For the data below, transcribe the part that opens with the line containing "PJ Wright &" and closes with the line containing "oc-huong-che-bien-mon-an-ngon", exactly and with no pictures.
--- MATERIALS PROVIDED Enclosed Below ---
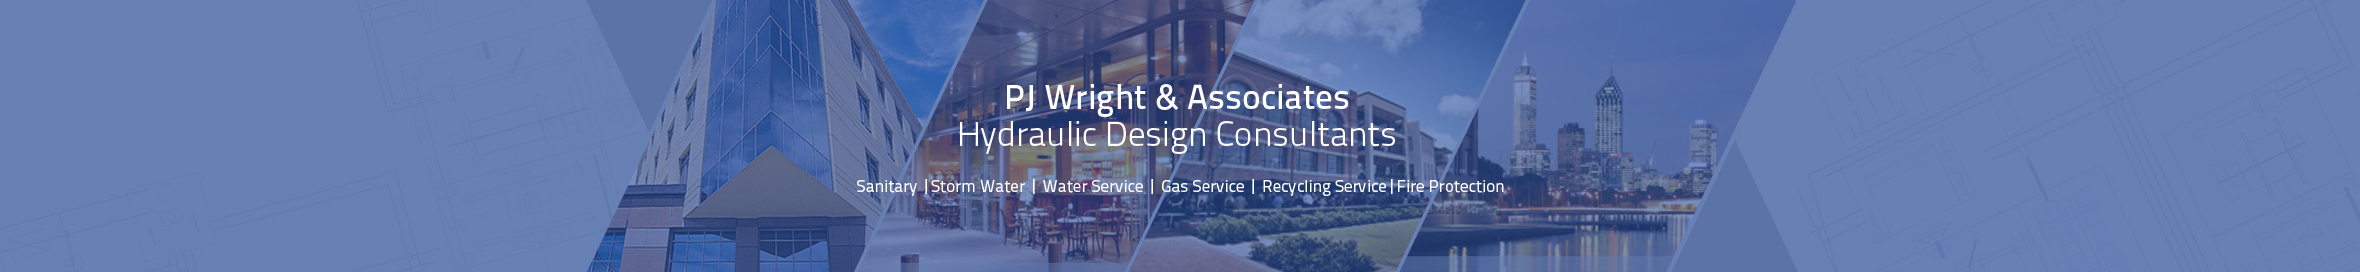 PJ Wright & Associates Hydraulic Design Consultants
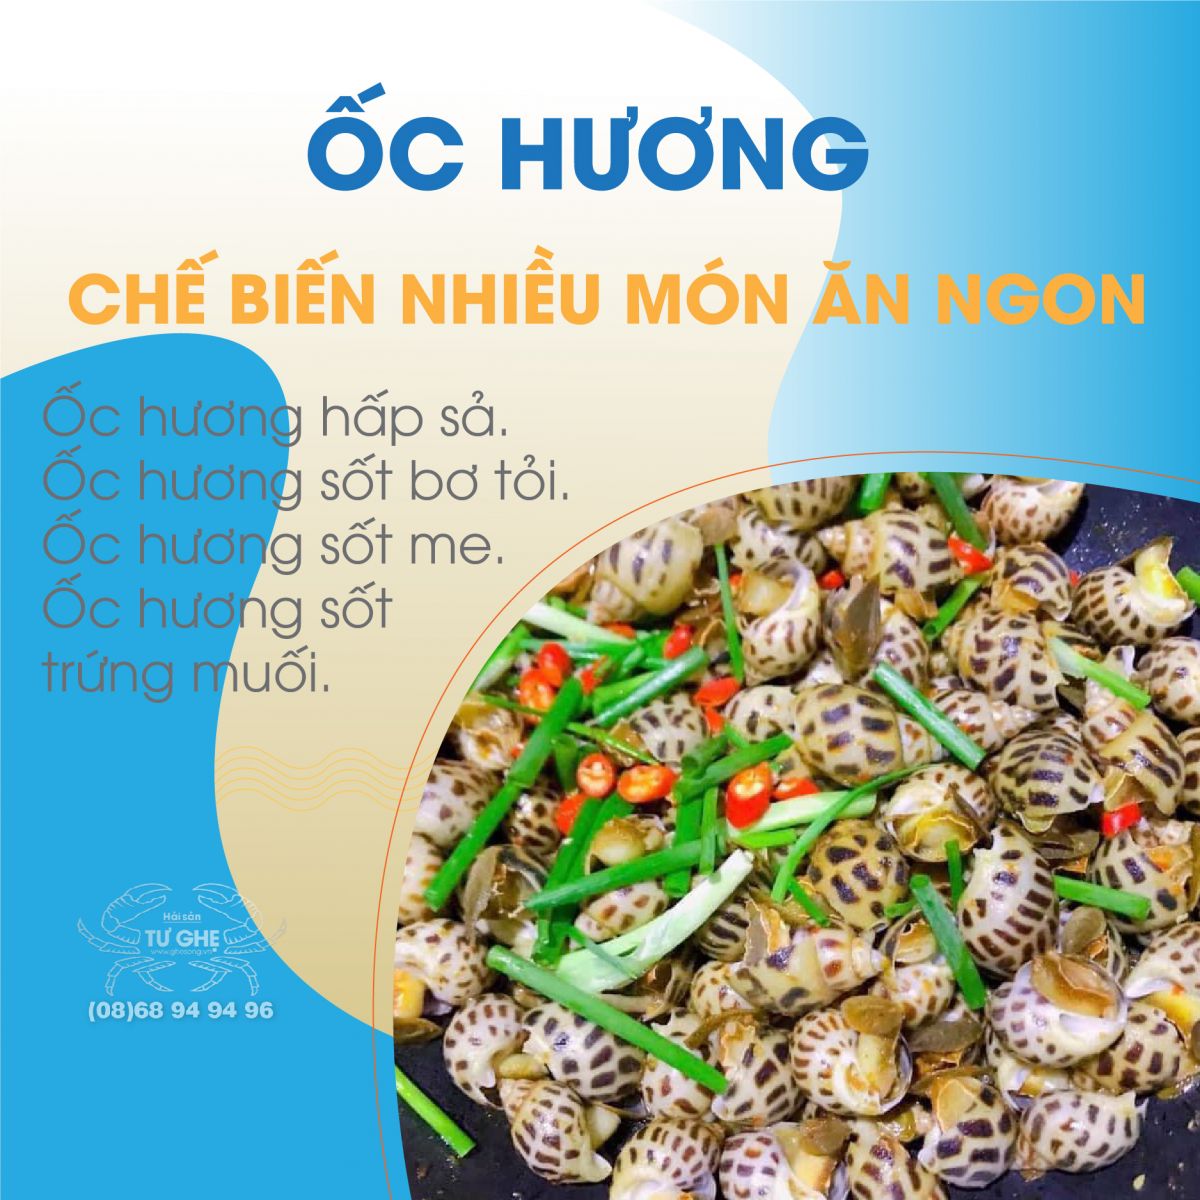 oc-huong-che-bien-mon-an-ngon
--- End of Enclosed MATERIALS PROVIDED ---
--- MATERIALS PROVIDED Enclosed Below ---
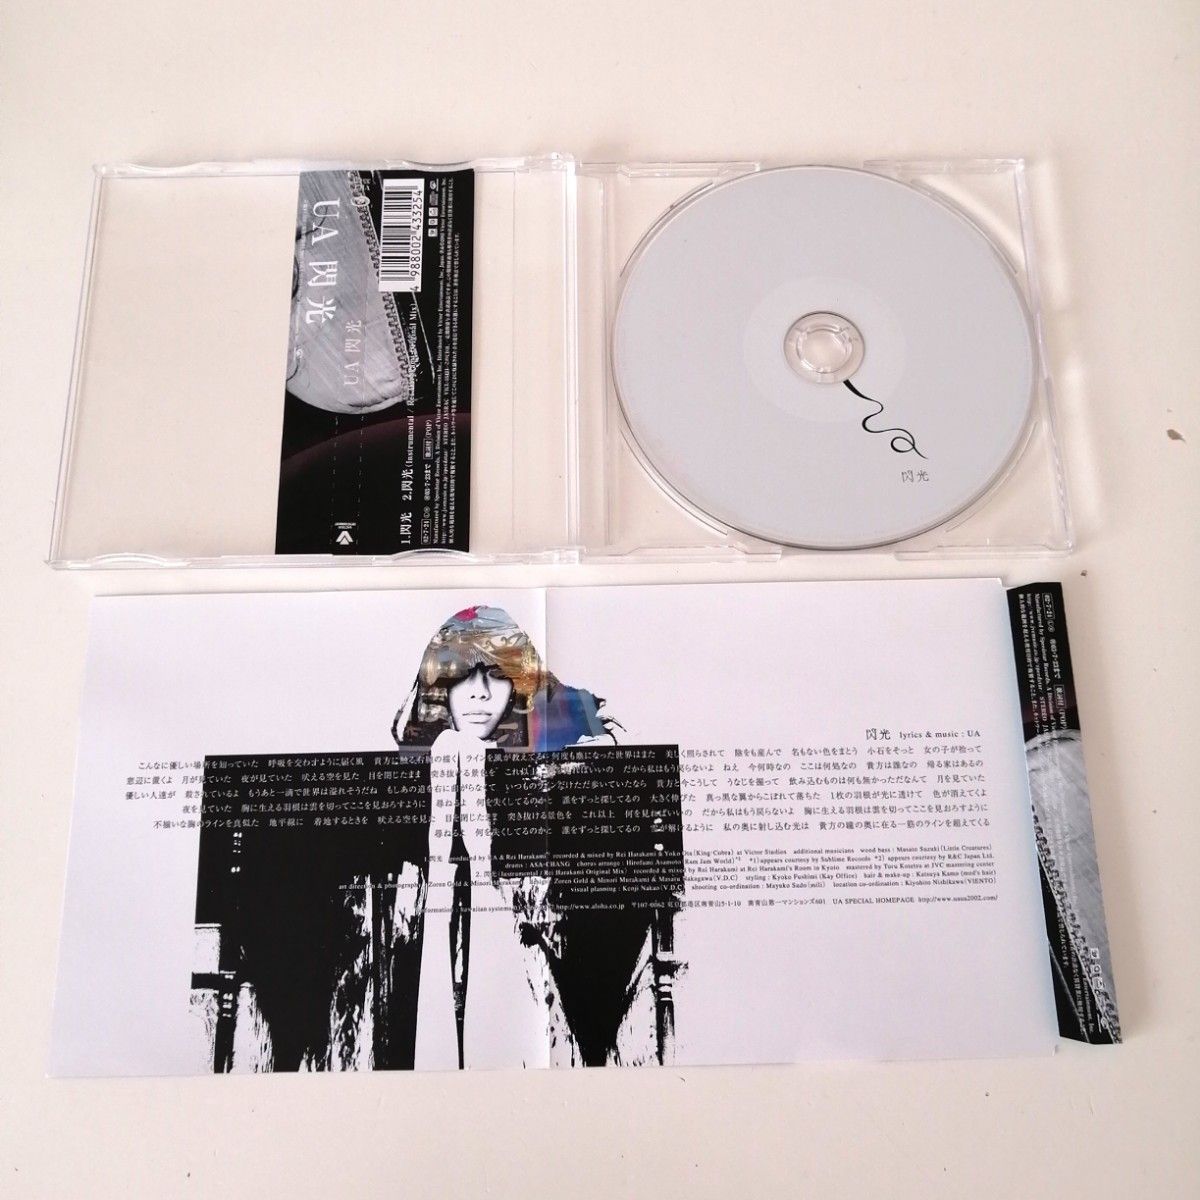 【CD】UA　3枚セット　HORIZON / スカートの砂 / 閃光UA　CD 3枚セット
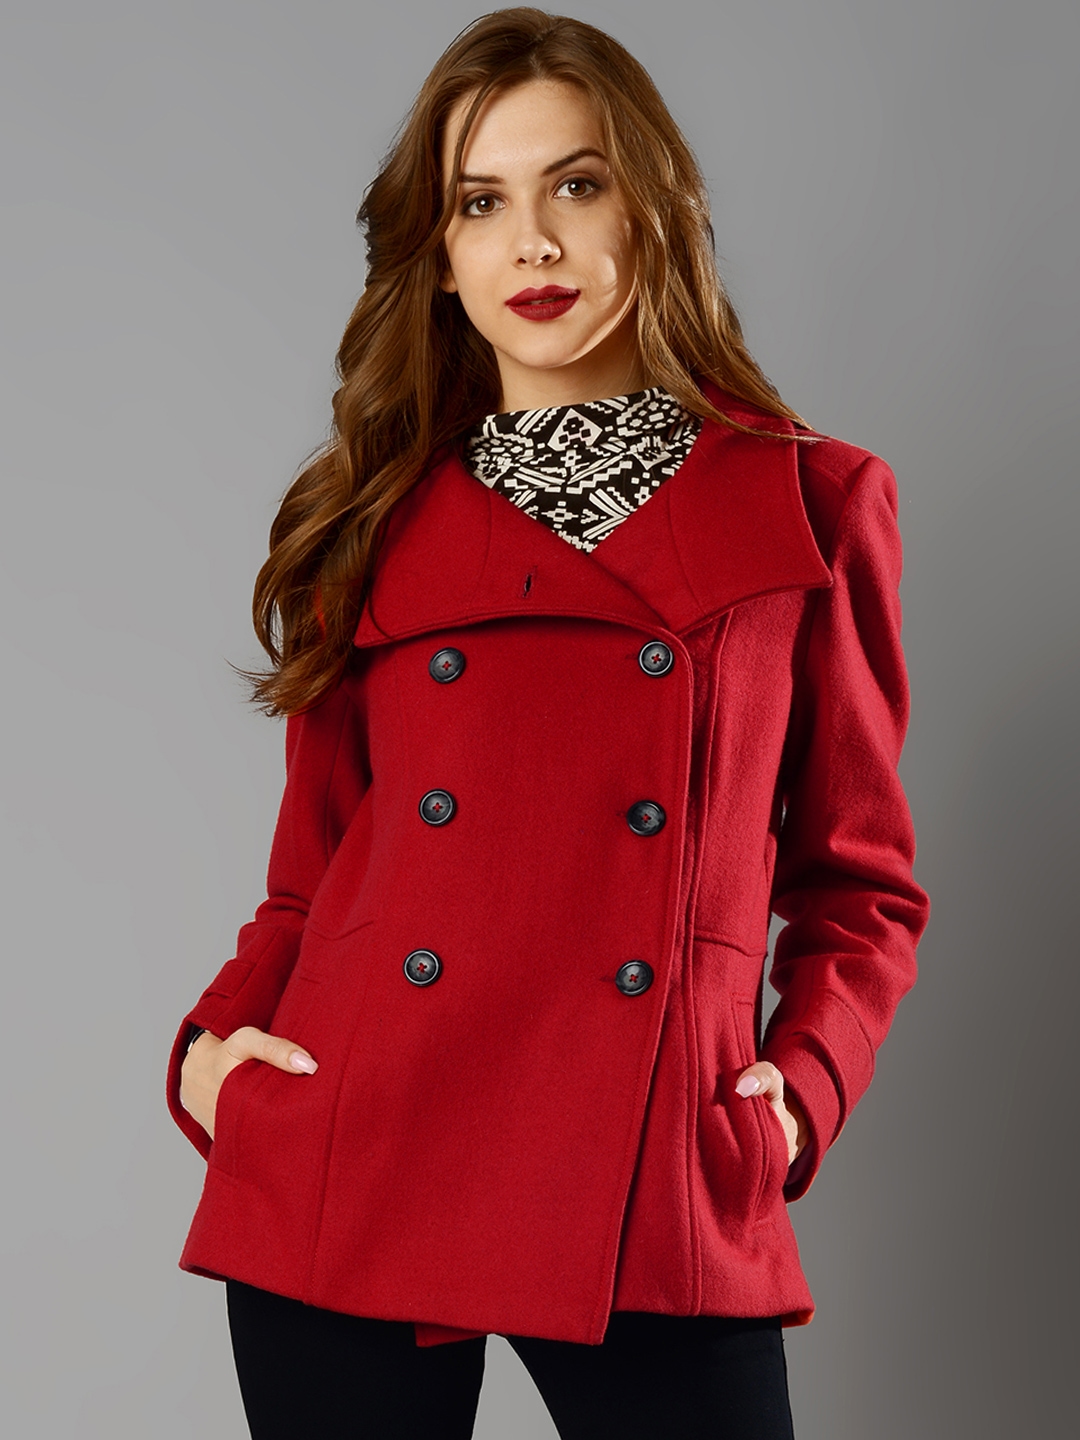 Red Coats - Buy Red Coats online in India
--- End of Enclosed MATERIALS PROVIDED ---
[ANSWER TO THE PROBLEM]
 PJ Wright & Associates Hydraulic Design Consultants
 oc-huong-che-bien-mon-an-ngon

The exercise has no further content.